## Brief:
Your copy of the listing should be exact and should contain no pictures.

## Supplied information:
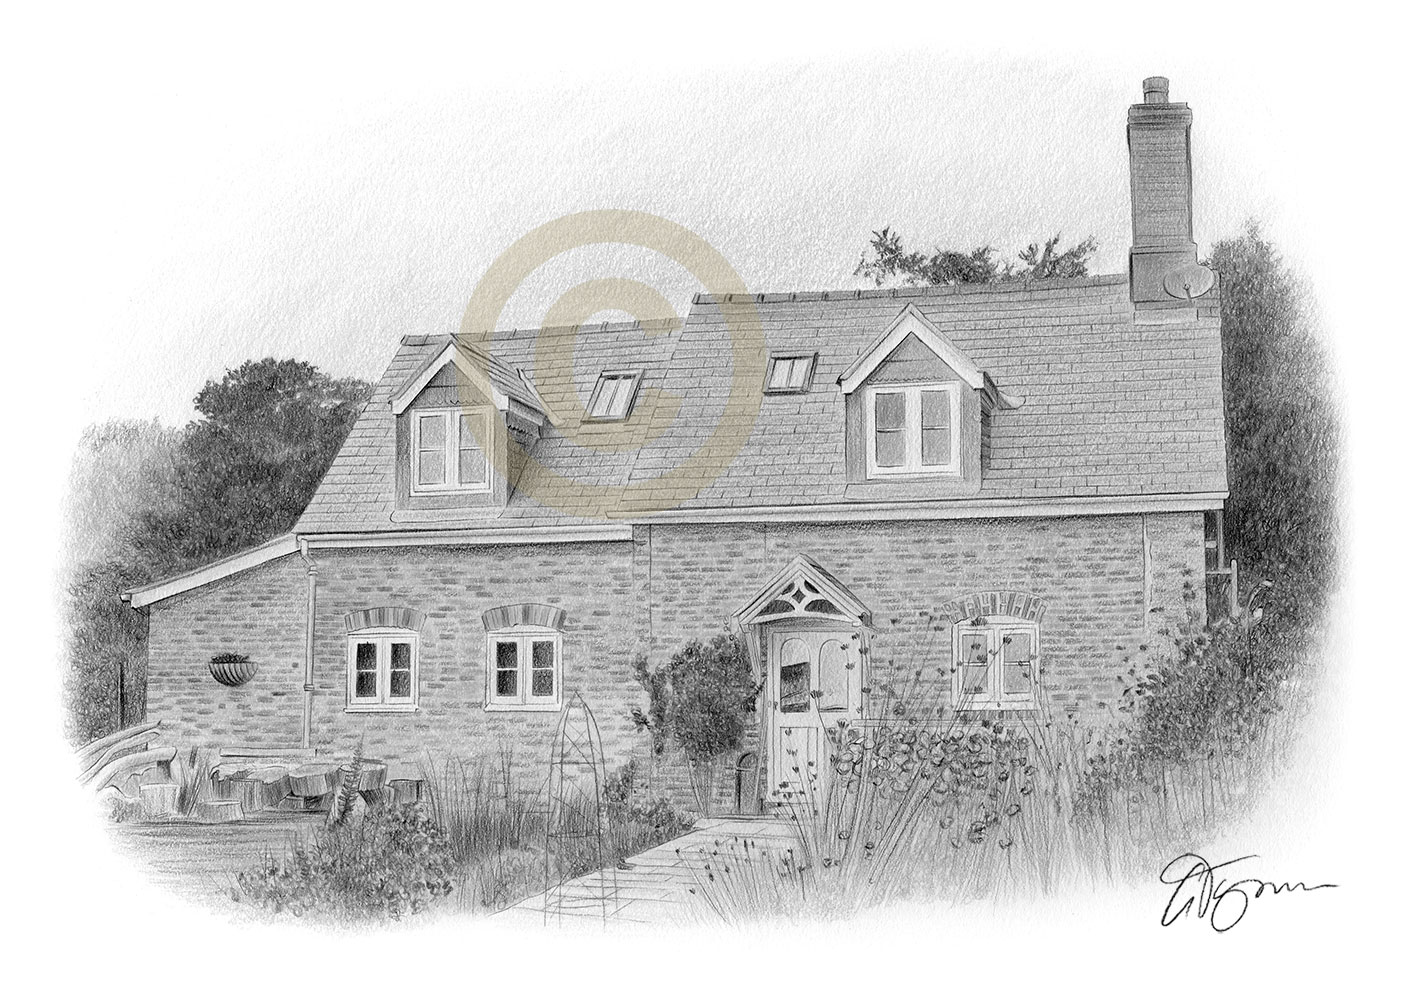 Pencil drawing commission of a country house by artist Gary Tymon
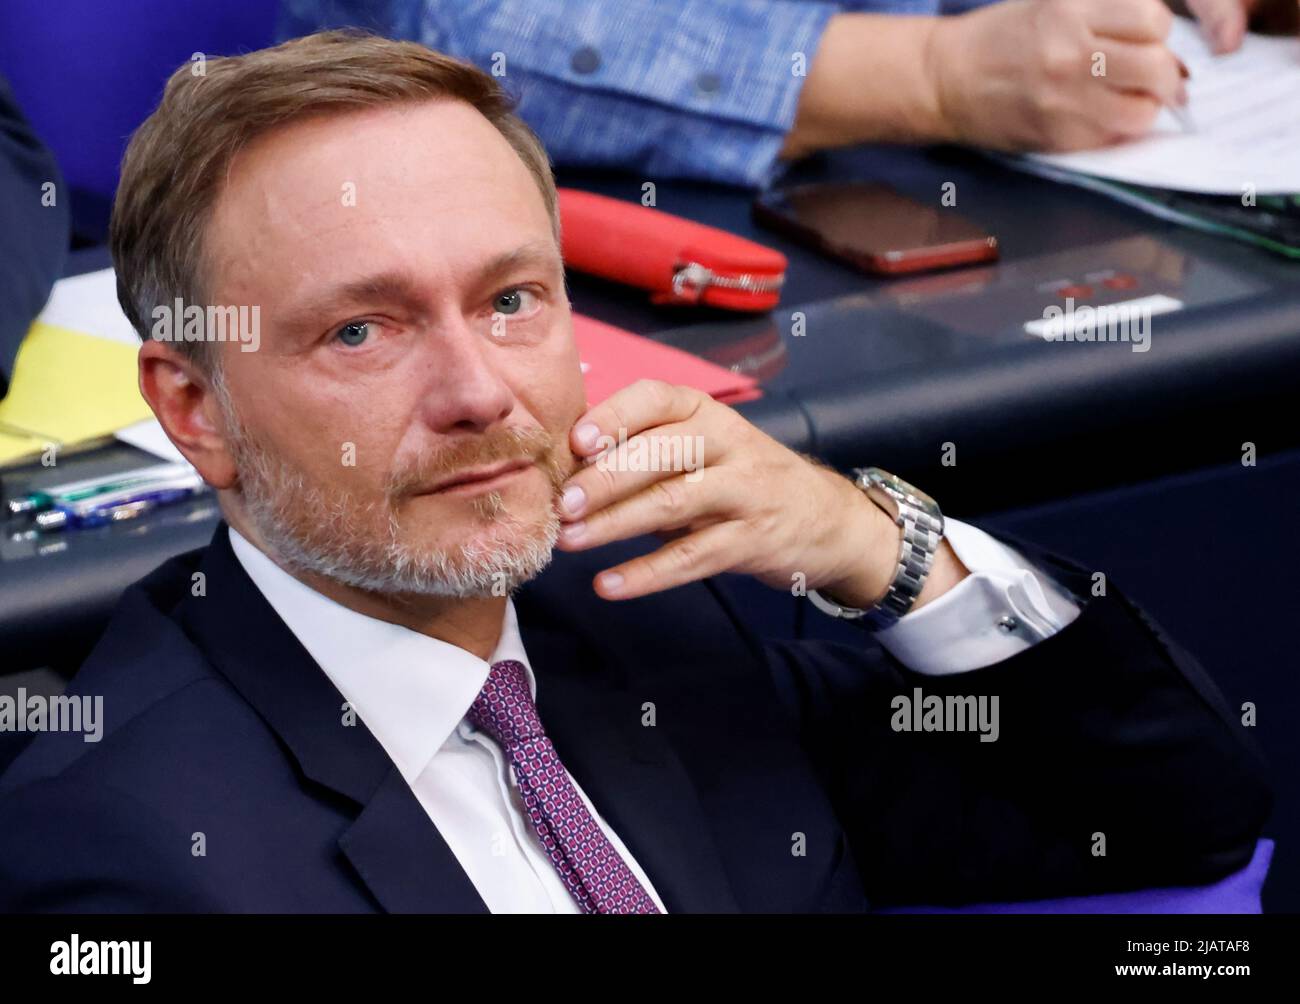 German Finance Minister Christian Lindner attends a session of Germany's lower house of parliament, the Bundestag, in Berlin, Germany June 1, 2022. REUTERS/Hannibal Hanschke Stock Photo
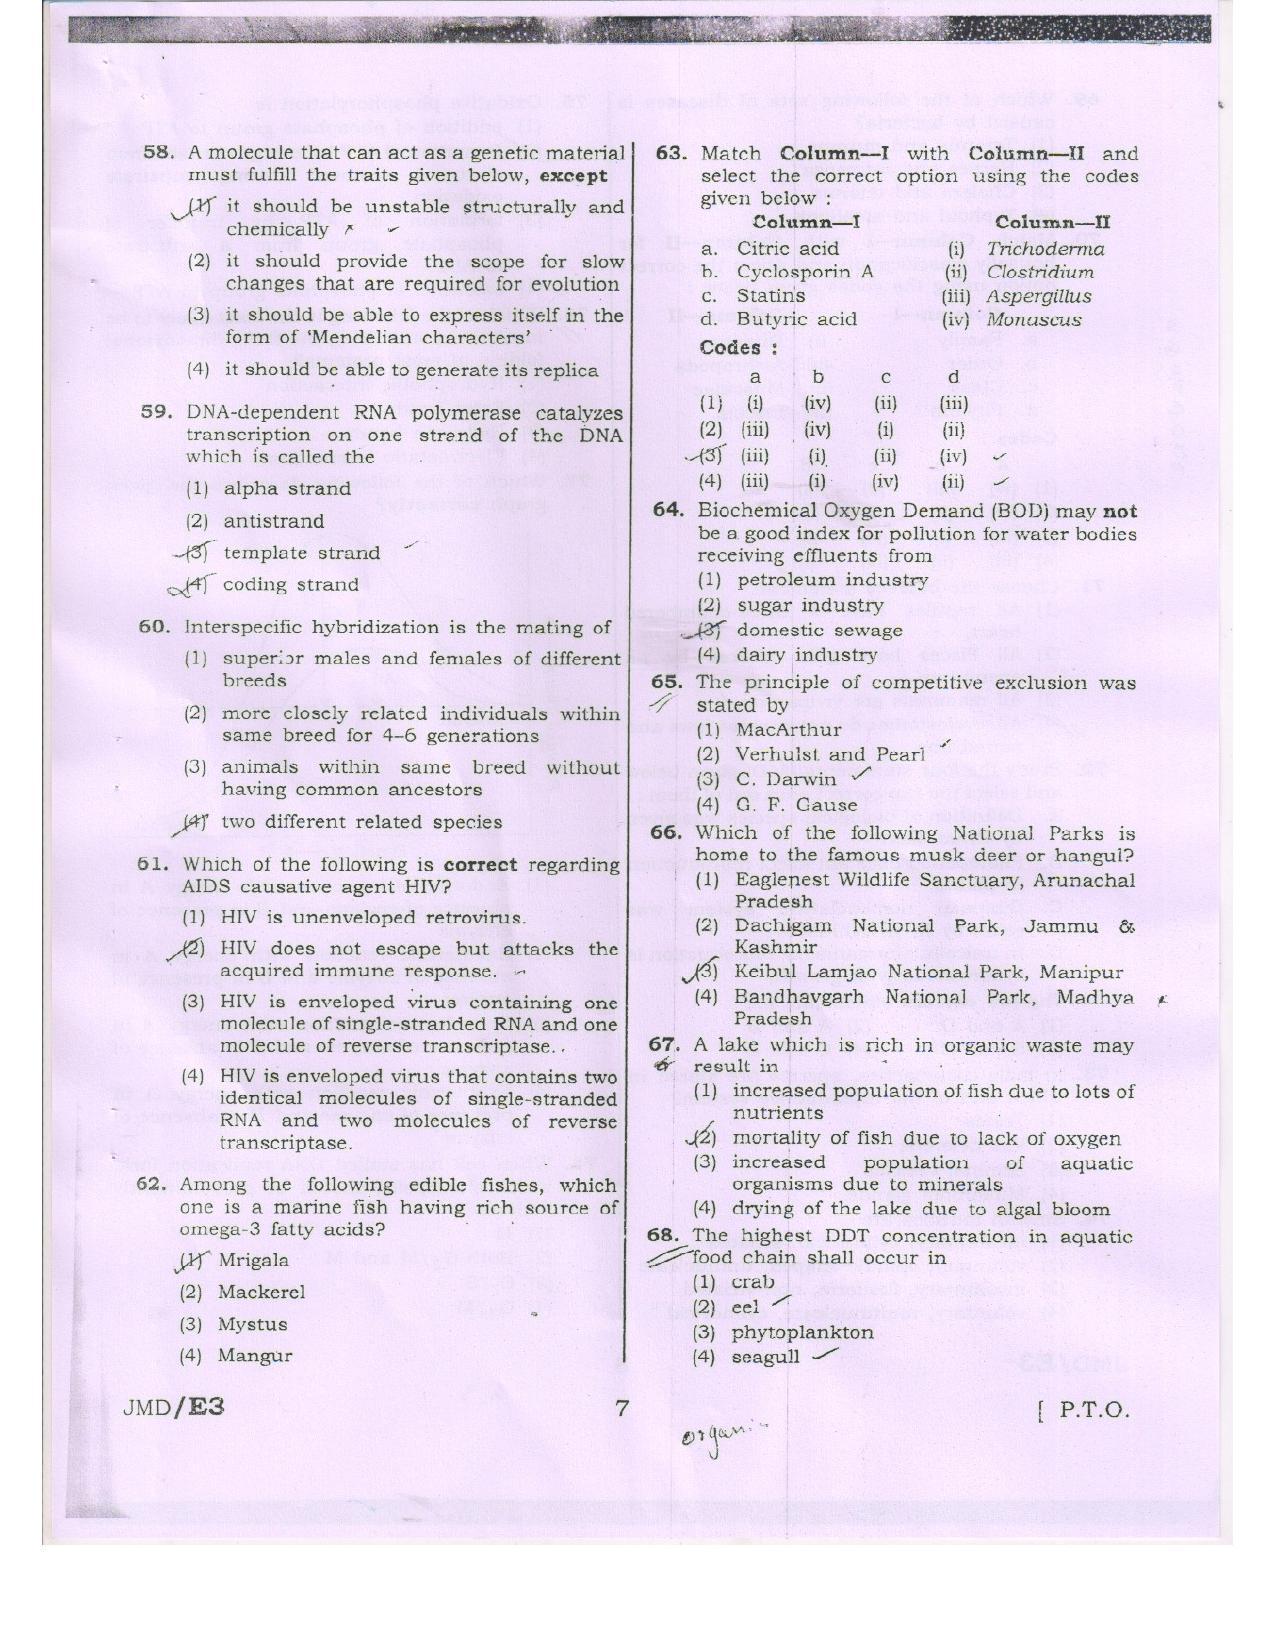 NEET Code RR 2016 Question Paper - Page 7

## Output:
 Pencil drawing commission of a country house by artist Gary Tymon
 German Finance Minister Christian Lindner attends a session of Germany's lower house of parliament, the Bundestag, in Berlin, Germany June 1, 2022. REUTERS/Hannibal Hanschke Stock Photo
 NEET Code RR 2016 Question Paper - Page 7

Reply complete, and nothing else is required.